Today, Clarke is the assistant head gardener at the National Trust’s Trelissick Garden in Cornwall, but he has to think about mowing the lawn all the time. “In the old days, the mower would get put back in the shed for two or three months a year,” he explains. “Around now, it’d be gathering dust. But now we cut grass 12 months of the year, right through the season. It’s incredible really.” The trend has created significant amounts of additional work for gardeners all over the country, upped repair and labour costs for organisations such as the National Trust, and knackered more than a few industrial lawnmowers. On the surface, the explanation is simple enough: grass that grows all year round. To Clarke, there is one clear culprit: climate change.

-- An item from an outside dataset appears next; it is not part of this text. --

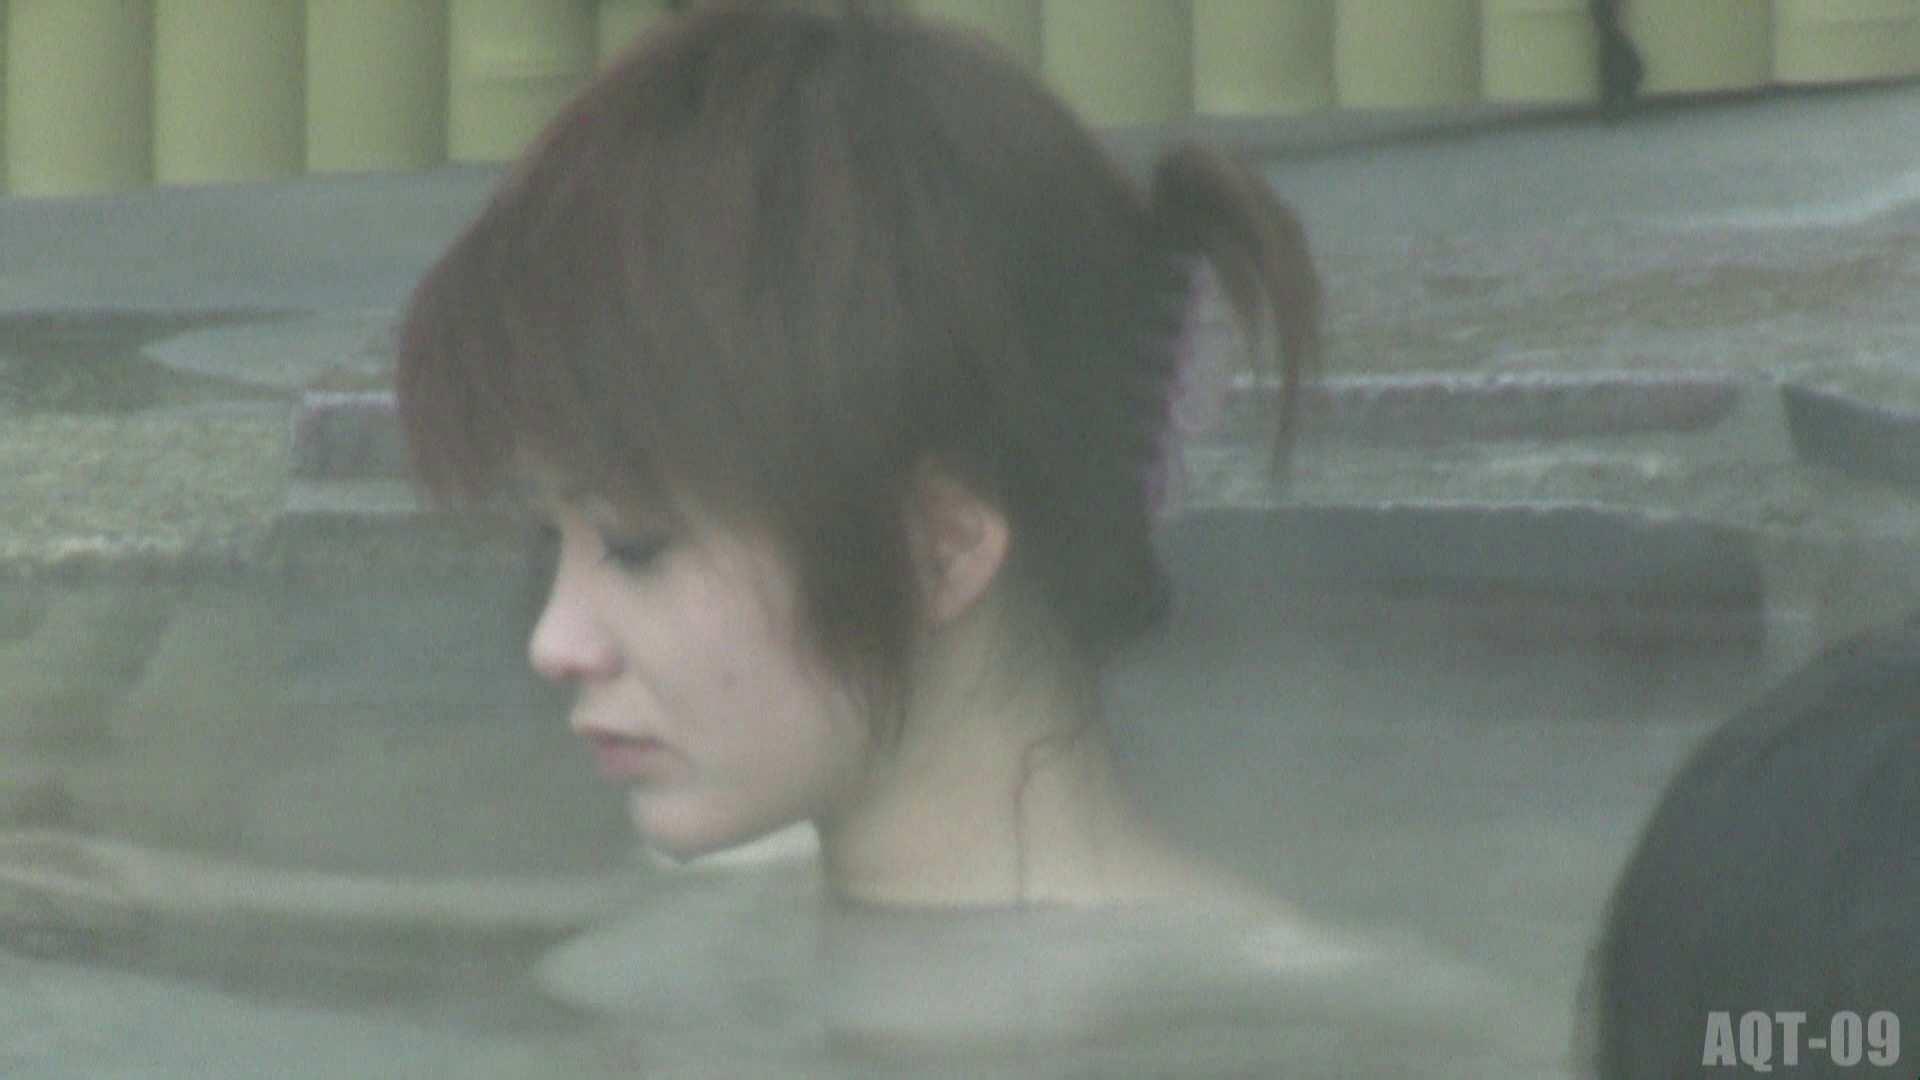 Aquaな露天風呂Vol.779 OLセックス 覗きおまんこ画像 107画像 32

As we emerge from one of the bitterest cold snaps in recent memory, Tom Clarke and his colleagues are faced with a still knottier problem, and one that’s simultaneously utterly concrete and infuriatingly abstract: even though the impact of climate change is so visible, even though the vast majority of world’s climate scientists agree that our world is heating up, the local effects are extremely difficult to predict. To phrase the problem a different way, just when we think that we know something about the future of the climate, weather seems to be more baffling than ever.
That makes it hard for gardeners like those at Trelissick to plan for the future. Today, they are facing a host of problems that can be attributed to global warming. Their beech trees, crucial to the classically English feel of the garden, can’t put down secure roots in the soil left too damp by the heavier showers that come with warmer weather; Clarke spent last Monday hacking at two recently fallen trees with a chainsaw. The drainage for the garden’s paths, laid to what seemed like worst-case-scenario specifications in the 19th century, is totally inadequate for the downpours that are more and more commonplace today. And the host of pests and plant diseases that thrive in warmer conditions are hardly helping.

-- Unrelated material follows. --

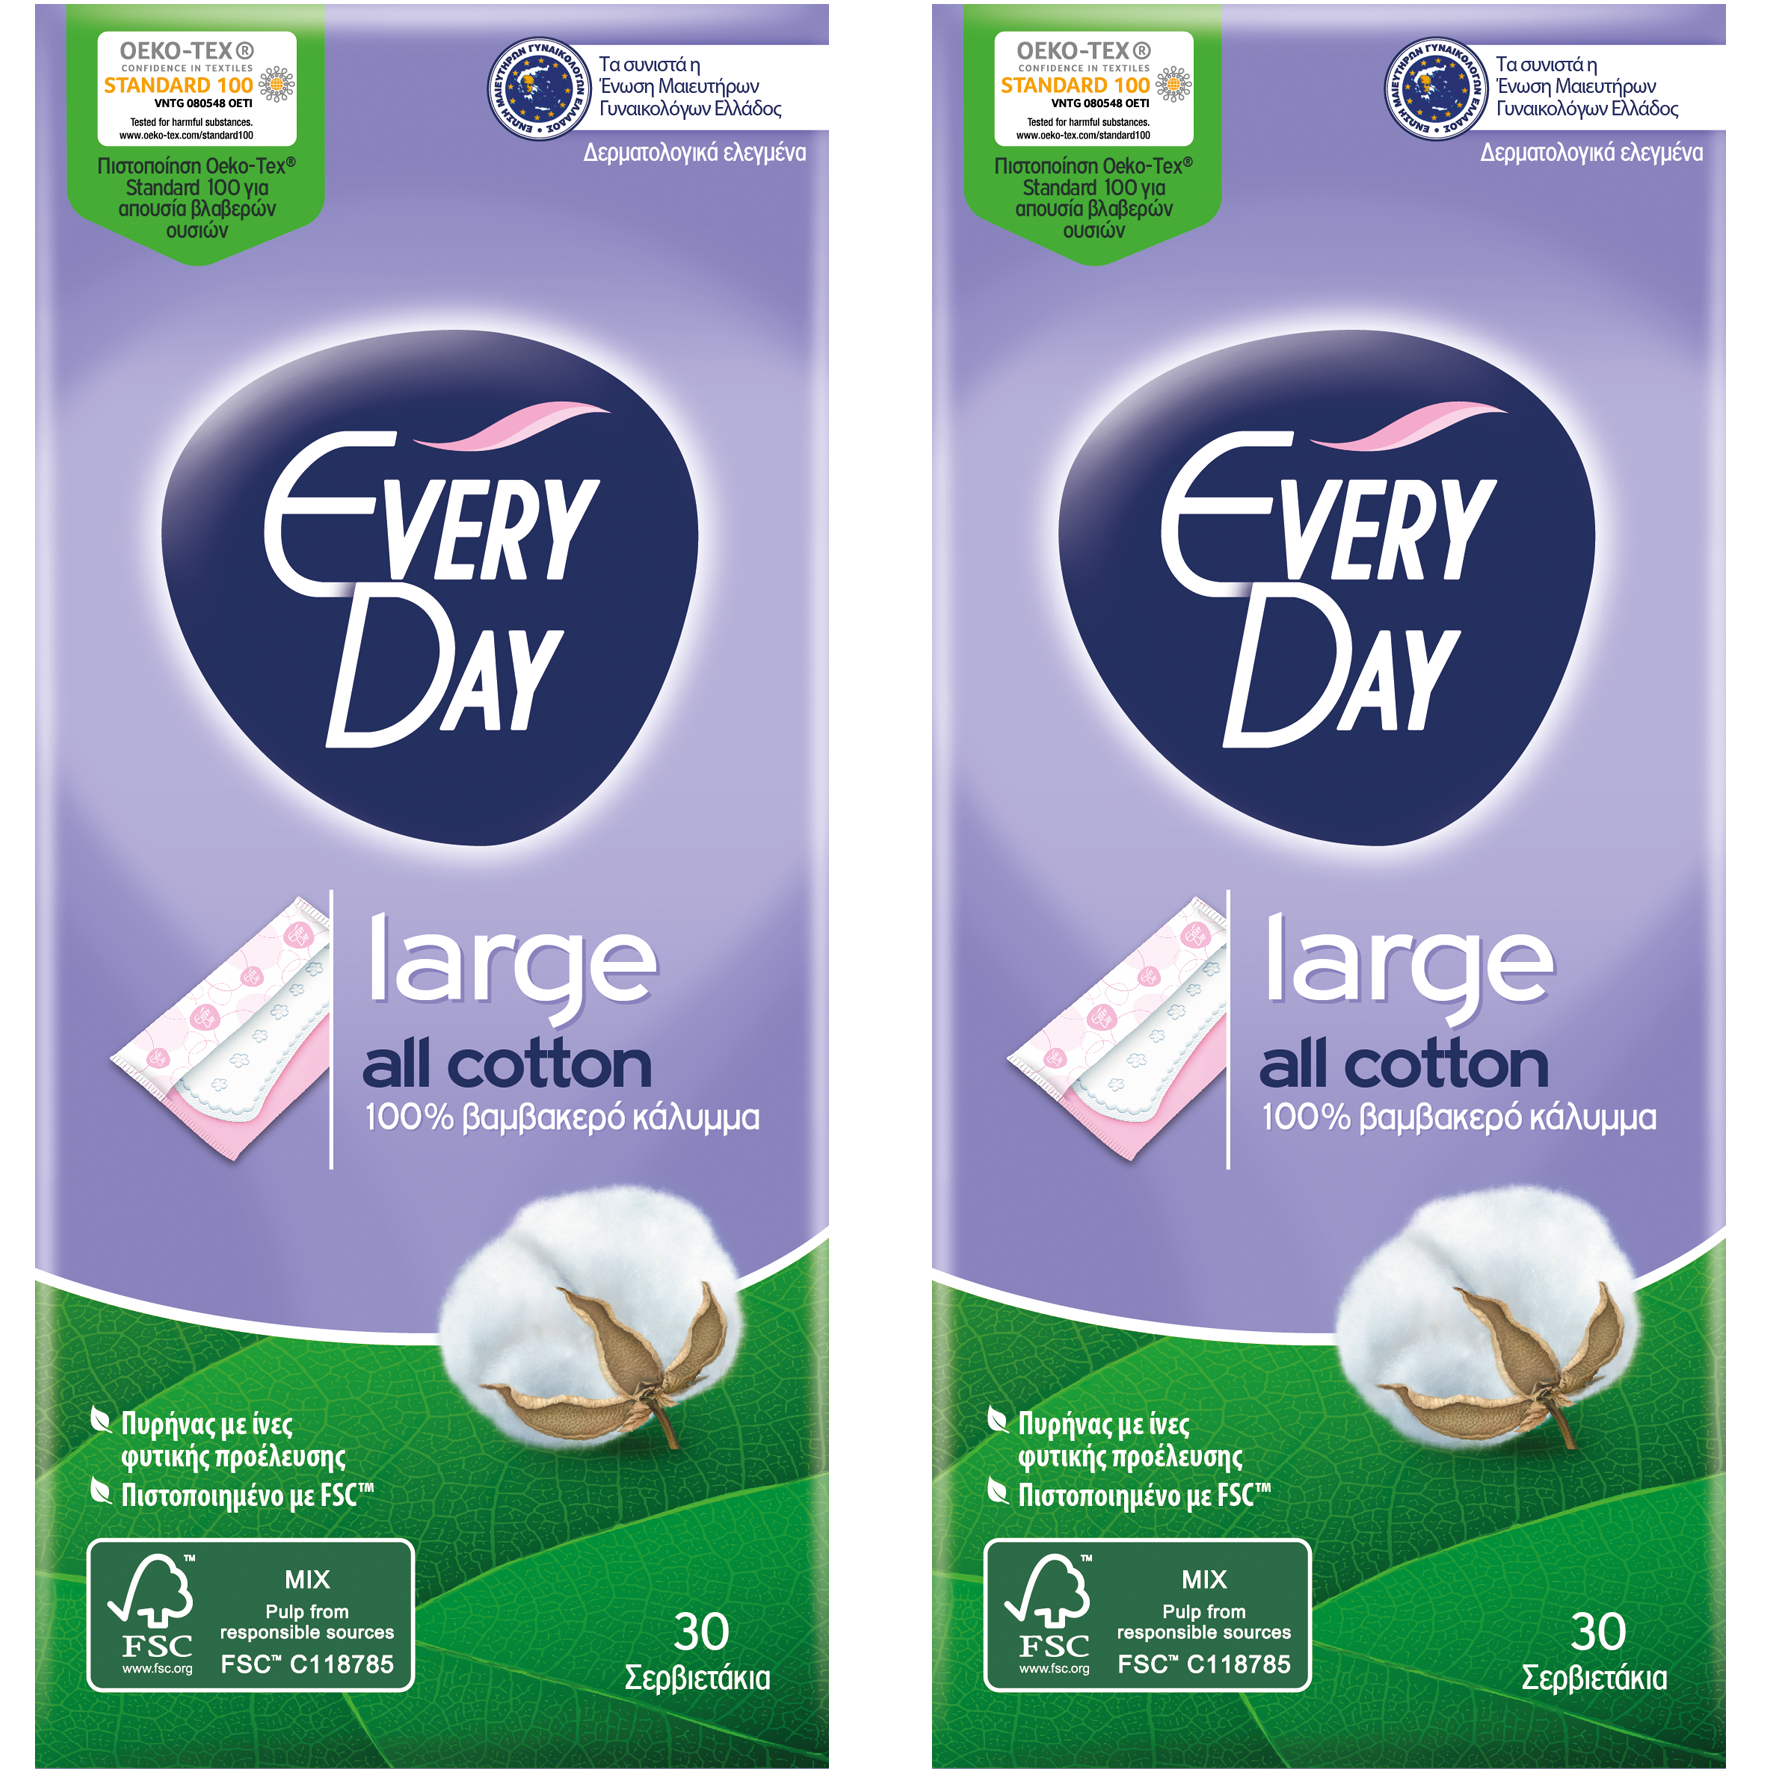 Every Day Πακέτο Προσφοράς All Cotton Large Ανατομικά Σερβιετάκια με Βαμβακερό Κάλυμμα 2×30 Τεμάχια 1+1 Δώρο

The programme for the next few years seems clear in only one regard: the news isn’t great, and the changes that we’re set to encounter will reach into every area of our lives. But if the prospect of a sweltering Britain seems like a grim – if distant – one, take heart. It’s not all bad. Even if we were to ignore the many things we can still do to mitigate the risks of climate change, and accept our fate, there will always be silver linings. Mike Roberts, for one, has reasons to be grateful for the coming heat: he’s a winemaker, and his business looks set to grow considerably, as the British gloom that we’re all so used to gives way to something closer resembling a European climate.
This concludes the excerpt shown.